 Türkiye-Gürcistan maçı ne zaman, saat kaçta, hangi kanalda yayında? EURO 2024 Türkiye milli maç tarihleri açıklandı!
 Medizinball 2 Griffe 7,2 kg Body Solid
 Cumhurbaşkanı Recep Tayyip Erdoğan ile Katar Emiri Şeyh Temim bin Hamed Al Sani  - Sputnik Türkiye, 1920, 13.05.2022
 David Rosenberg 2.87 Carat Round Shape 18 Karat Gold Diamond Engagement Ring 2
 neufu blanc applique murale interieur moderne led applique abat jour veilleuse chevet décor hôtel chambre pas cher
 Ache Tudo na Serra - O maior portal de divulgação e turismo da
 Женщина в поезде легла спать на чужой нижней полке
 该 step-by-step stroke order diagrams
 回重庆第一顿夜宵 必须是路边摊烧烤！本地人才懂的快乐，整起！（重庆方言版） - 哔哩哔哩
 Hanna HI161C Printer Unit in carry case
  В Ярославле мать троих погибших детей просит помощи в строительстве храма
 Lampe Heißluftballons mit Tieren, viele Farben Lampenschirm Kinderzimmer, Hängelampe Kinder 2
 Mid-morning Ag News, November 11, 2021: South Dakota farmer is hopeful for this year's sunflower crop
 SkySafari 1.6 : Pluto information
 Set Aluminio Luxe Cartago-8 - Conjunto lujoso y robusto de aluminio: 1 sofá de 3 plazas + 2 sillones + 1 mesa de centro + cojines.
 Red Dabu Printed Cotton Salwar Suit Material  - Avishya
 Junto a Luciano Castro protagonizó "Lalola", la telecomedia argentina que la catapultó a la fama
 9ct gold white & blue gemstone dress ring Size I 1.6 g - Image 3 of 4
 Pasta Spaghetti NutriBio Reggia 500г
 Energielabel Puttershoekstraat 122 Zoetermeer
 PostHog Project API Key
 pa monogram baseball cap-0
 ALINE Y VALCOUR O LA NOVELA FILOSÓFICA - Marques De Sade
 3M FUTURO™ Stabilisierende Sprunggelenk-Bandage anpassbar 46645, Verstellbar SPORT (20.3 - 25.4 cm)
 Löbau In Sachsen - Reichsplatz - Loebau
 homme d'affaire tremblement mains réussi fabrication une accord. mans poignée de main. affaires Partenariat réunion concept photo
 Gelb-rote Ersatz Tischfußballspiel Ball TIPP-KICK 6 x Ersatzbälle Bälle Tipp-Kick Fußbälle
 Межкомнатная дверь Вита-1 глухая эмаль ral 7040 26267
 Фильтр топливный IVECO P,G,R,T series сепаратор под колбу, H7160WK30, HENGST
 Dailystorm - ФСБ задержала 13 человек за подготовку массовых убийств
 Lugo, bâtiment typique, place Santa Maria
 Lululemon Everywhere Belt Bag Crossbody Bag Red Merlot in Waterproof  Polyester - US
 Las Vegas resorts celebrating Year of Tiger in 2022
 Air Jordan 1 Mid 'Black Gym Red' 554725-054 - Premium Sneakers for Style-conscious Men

• _WHAT IS REQUIRED_:
Using the data above, restate every record word for word.

• _TASK RESULT_:
 Türkiye-Gürcistan maçı ne zaman, saat kaçta, hangi kanalda yayında? EURO 2024 Türkiye milli maç tarihleri açıklandı!
 Medizinball 2 Griffe 7,2 kg Body Solid
 Cumhurbaşkanı Recep Tayyip Erdoğan ile Katar Emiri Şeyh Temim bin Hamed Al Sani  - Sputnik Türkiye, 1920, 13.05.2022
 David Rosenberg 2.87 Carat Round Shape 18 Karat Gold Diamond Engagement Ring 2
 neufu blanc applique murale interieur moderne led applique abat jour veilleuse chevet décor hôtel chambre pas cher
 Ache Tudo na Serra - O maior portal de divulgação e turismo da
 Женщина в поезде легла спать на чужой нижней полке
 该 step-by-step stroke order diagrams
 回重庆第一顿夜宵 必须是路边摊烧烤！本地人才懂的快乐，整起！（重庆方言版） - 哔哩哔哩
 Hanna HI161C Printer Unit in carry case
  В Ярославле мать троих погибших детей просит помощи в строительстве храма
 Lampe Heißluftballons mit Tieren, viele Farben Lampenschirm Kinderzimmer, Hängelampe Kinder 2
 Mid-morning Ag News, November 11, 2021: South Dakota farmer is hopeful for this year's sunflower crop
 SkySafari 1.6 : Pluto information
 Set Aluminio Luxe Cartago-8 - Conjunto lujoso y robusto de aluminio: 1 sofá de 3 plazas + 2 sillones + 1 mesa de centro + cojines.
 Red Dabu Printed Cotton Salwar Suit Material  - Avishya
 Junto a Luciano Castro protagonizó "Lalola", la telecomedia argentina que la catapultó a la fama
 9ct gold white & blue gemstone dress ring Size I 1.6 g - Image 3 of 4
 Pasta Spaghetti NutriBio Reggia 500г
 Energielabel Puttershoekstraat 122 Zoetermeer
 PostHog Project API Key
 pa monogram baseball cap-0
 ALINE Y VALCOUR O LA NOVELA FILOSÓFICA - Marques De Sade
 3M FUTURO™ Stabilisierende Sprunggelenk-Bandage anpassbar 46645, Verstellbar SPORT (20.3 - 25.4 cm)
 Löbau In Sachsen - Reichsplatz - Loebau
 homme d'affaire tremblement mains réussi fabrication une accord. mans poignée de main. affaires Partenariat réunion concept photo
 Gelb-rote Ersatz Tischfußballspiel Ball TIPP-KICK 6 x Ersatzbälle Bälle Tipp-Kick Fußbälle
 Межкомнатная дверь Вита-1 глухая эмаль ral 7040 26267
 Фильтр топливный IVECO P,G,R,T series сепаратор под колбу, H7160WK30, HENGST
 Dailystorm - ФСБ задержала 13 человек за подготовку массовых убийств
 Lugo, bâtiment typique, place Santa Maria
 Lululemon Everywhere Belt Bag Crossbody Bag Red Merlot in Waterproof  Polyester - US
 Las Vegas resorts celebrating Year of Tiger in 2022
 Air Jordan 1 Mid 'Black Gym Red' 554725-054 - Premium Sneakers for Style-conscious Men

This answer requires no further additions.